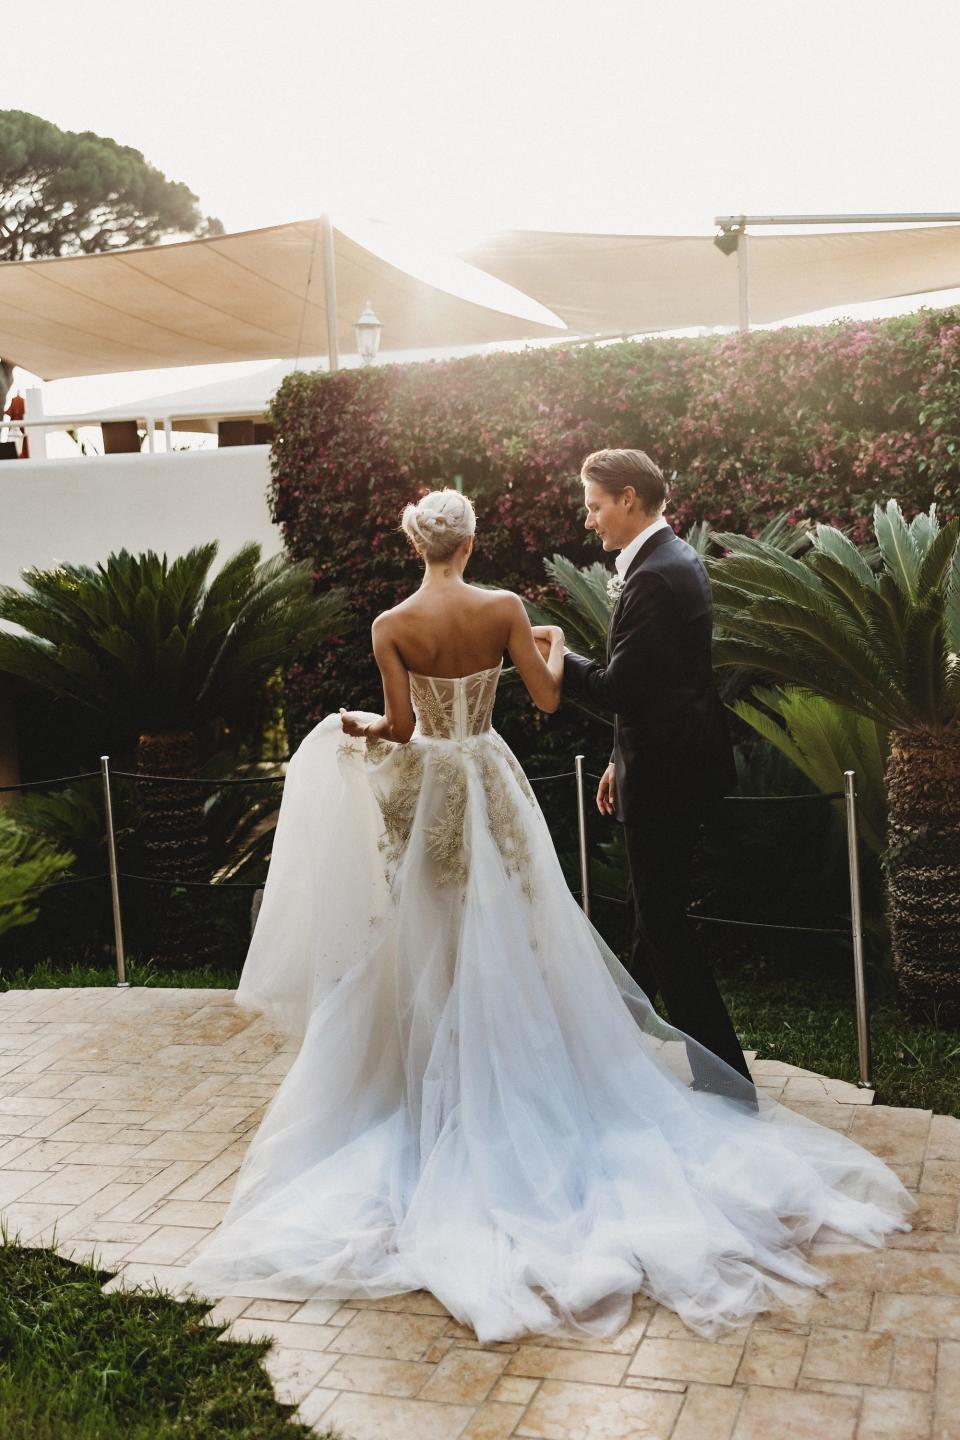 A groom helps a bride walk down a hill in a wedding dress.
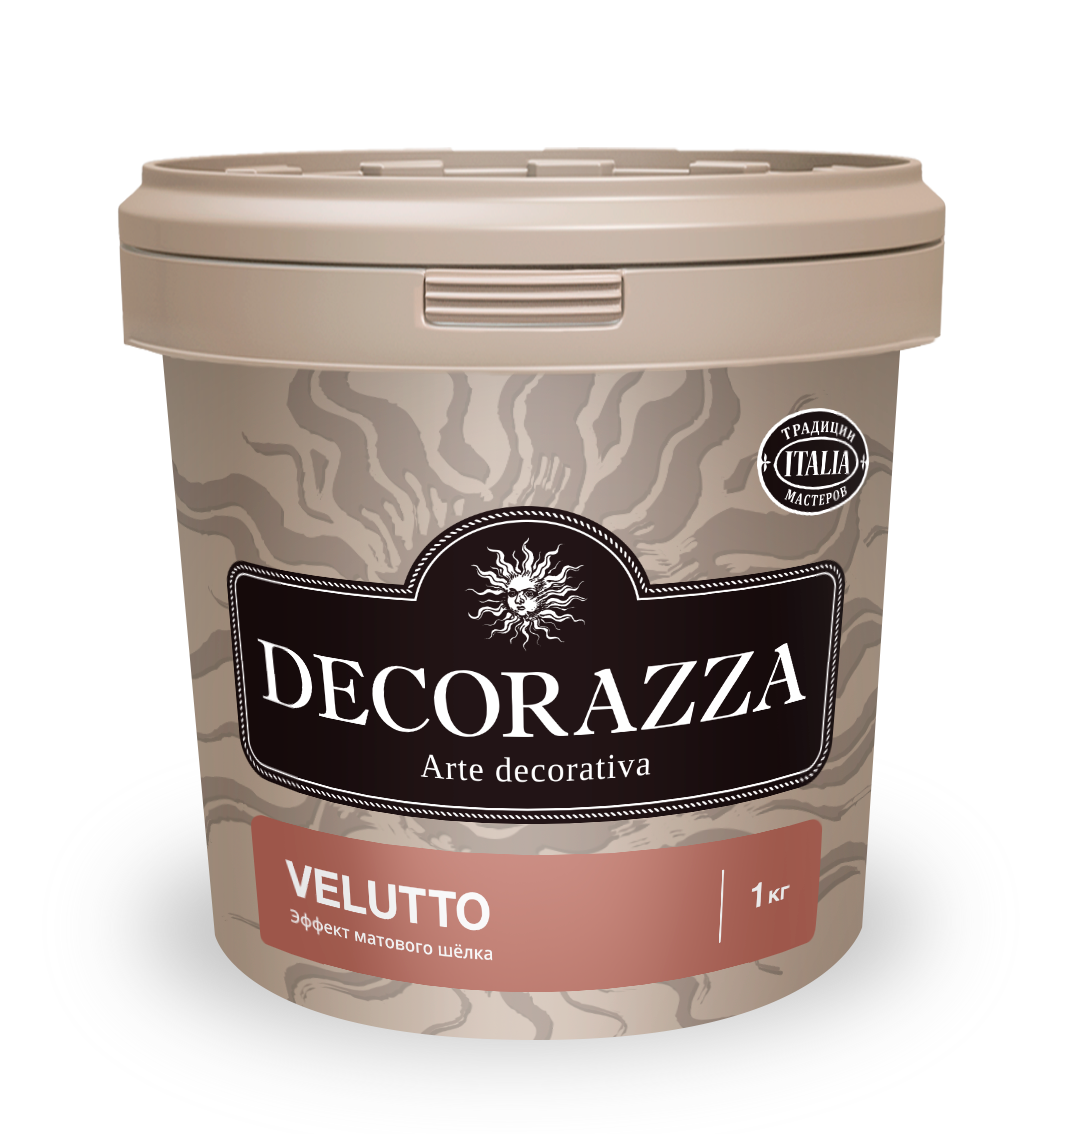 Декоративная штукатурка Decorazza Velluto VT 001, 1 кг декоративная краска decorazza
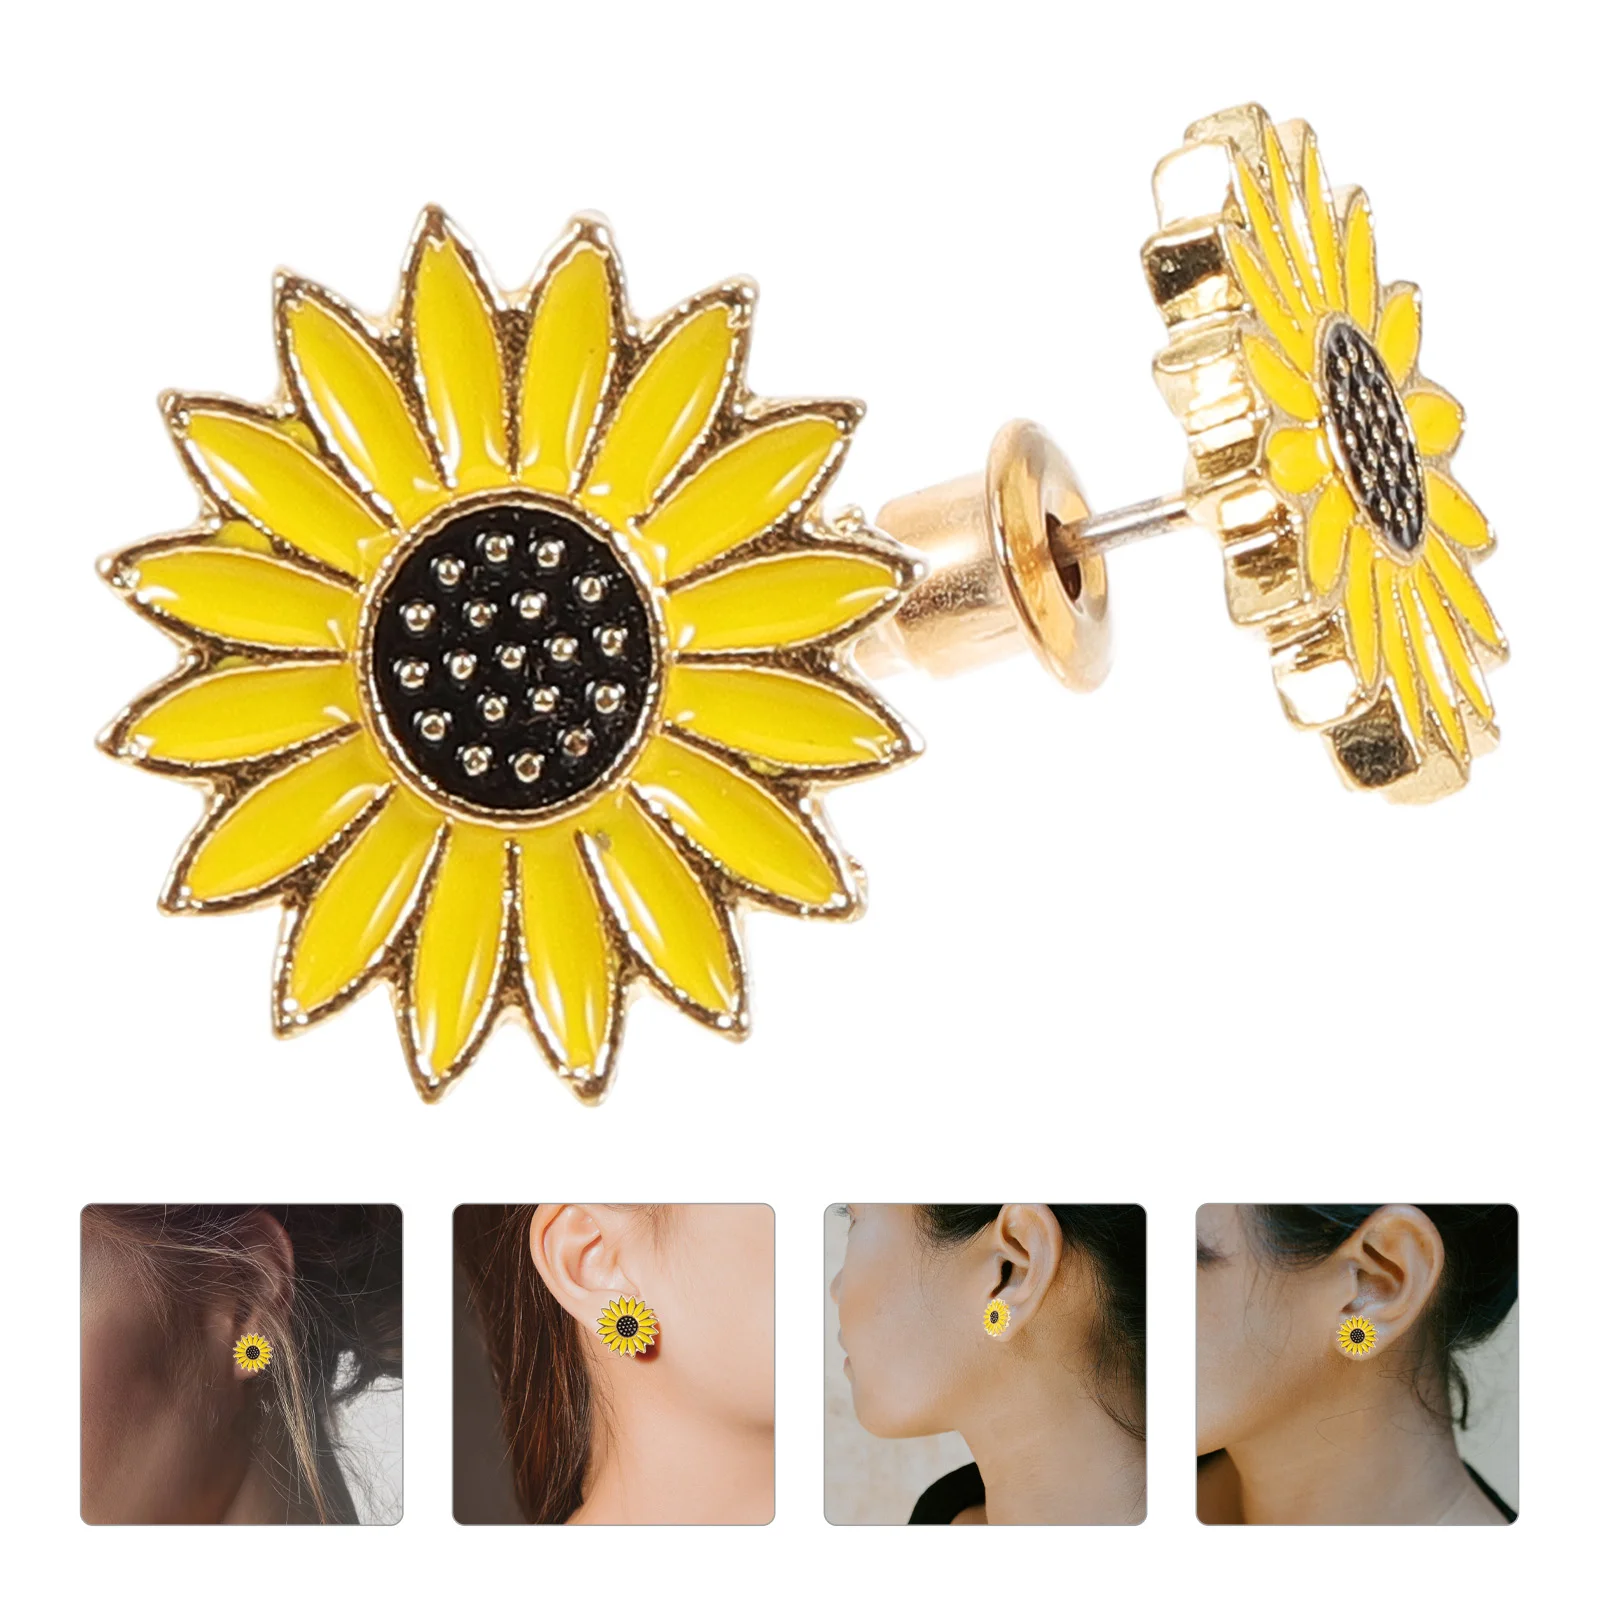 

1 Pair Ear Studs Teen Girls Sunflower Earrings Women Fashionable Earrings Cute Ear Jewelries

------------------------------------

**Assignment**
Without the pictures, transcribe the listing exactly as it stands.

**Task solution**
 A groom helps a bride walk down a hill in a wedding dress.
 Декоративная штукатурка Decorazza Velluto VT 001, 1 кг декоративная краска decorazza

1 Pair Ear Studs Teen Girls Sunflower Earrings Women Fashionable Earrings Cute Ear Jewelries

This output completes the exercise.